B. Defective Special Verdict Forms

1. Contentions

Defendants next contend that the “evidence at trial was insufficient to justify the jury’s finding of liability [for defamation per se] as a matter of law.” As stated, defendants’ contention appears on its face to be a challenge to the sufficiency of the evidence. But, defendants then argue that one or more of the allegedly defamatory statements included on the per se special verdict forms was not defamatory as a matter of law (i.e., one or more of the statements, on its face, constituted protected opinion, fair comment, or hyperbole) and therefore should not have been included in the forms. According to defendants, because the verdict forms premised liability on a finding that only one of the many statements was defamatory, “the jury verdict may well have been based on a statement that had no basis in law or evidence to permit a verdict as a matter of law. [¶] Where there is an error in a special verdict form submitted to the jury, a new trial is [the] appropriate remedy.” Defendants thus raise a challenge―not to the sufficiency of the evidence―but to the content of the special verdict forms themselves.
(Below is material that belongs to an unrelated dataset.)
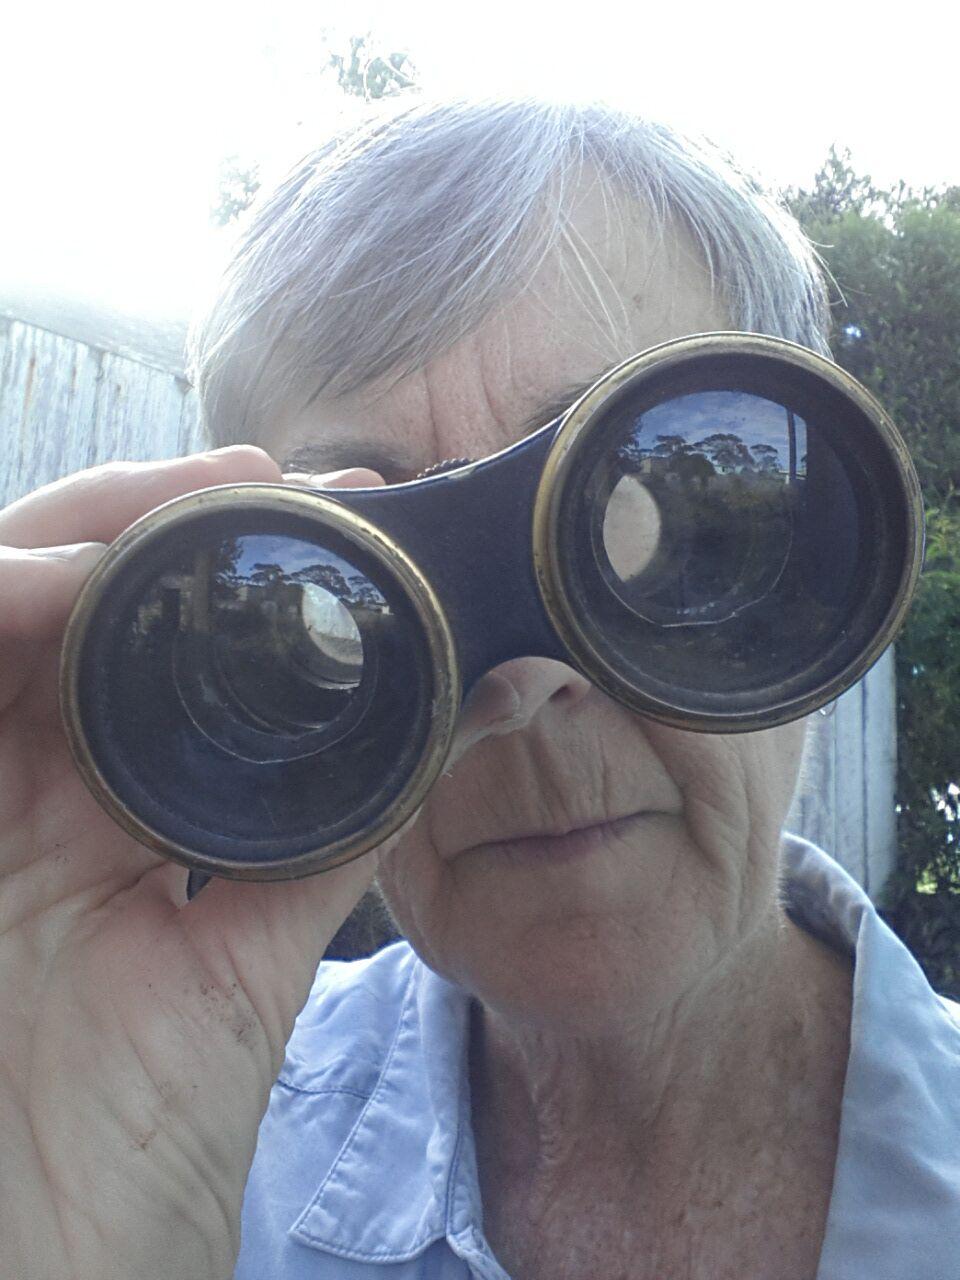 The author looking through binoculars.

In response to defendants’ challenge to the special verdict forms, plaintiffs argue, among other things, that defendants waived their challenge to the forms by not only failing to object to the content of the special verdict forms, but by agreeing to the content of those forms. According to plaintiffs, during the conference about jury instructions and special verdict forms, “counsel for . . . [d]efendants did not make a single objection to the wording of the fifteen [defamatory] statements” and “there was agreement on the fifteen statements found in the special verdicts for defamation per se.”

2. Forfeiture

It is well established that a party may forfeit purported errors in a special verdict form by failing to object before the trial court discharges the jury. “[W]e agree with [the plaintiff] that [the defendant] has waived this alleged defect in the special verdict form. The rules are well settled. ‘“If the verdict is ambiguous the party adversely affected should request a more formal and certain verdict. Then, if the trial judge has any doubts on the subject, he may send the jury out, under proper instructions, to correct the informal or insufficient verdict.” [Citations.]’ (Woodcock v. Fontana Scaffolding & Equip. Co. (1968) 69 Cal.2d 452, 456 . . . .) A party who fails to object to a special verdict form ordinarily waives any objection to the form. (Lynch v. Birdwell (1955) 44 Cal.2d 839, 851 . . . ; Jensen v. BMW of North America, Inc. (1995) 35 Cal.App.4th 112, 131 . . . .) However, waiver is not automatic, and there are many exceptions. (Woodcock v. Fontana Scaffolding & Equip. Co., supra, [69 Cal.2d] at p. 456, fn. 2.) For example, ‘[w]aiver is not found where the record indicates that the failure to object was not the result of a desire to reap a “technical advantage” or engage in a “litigious strategy.” [Citations.]’ (Ibid.) Nor is an objection required when the verdict is fatally inconsistent. (Morris v. McCauley’s Quality Transmission Service (1976) 60 Cal.App.3d 964, 972 . . . .)” (Behr v. Redmond (2011) 193 Cal.App.4th 517, 529-530; Taylor v. Nabors Drilling USA, LP (2014) 222 Cal.App.4th 1228, 1242 [when a purported defect in the verdict form was apparent at the time the jury rendered the verdict, the failure to object and request clarification or deliberation before the trial court discharged the jury precludes a party from later challenging the verdict].)

3. Analysis

In their posttrial motions for new trial and JNOV, defendants argued, as they do here, that the verdict forms were defective because they included some statements that were not, on their face, defamatory, but rather merely opinion, fair comment, or hyperbole. In response, plaintiffs argued that because defendants’ proposed special verdict forms contained all of the defamatory statements about which they were complaining posttrial, “[d]efendants may not claim error for the defamatory statements they requested in their own [s]pecial [v]erdict forms.”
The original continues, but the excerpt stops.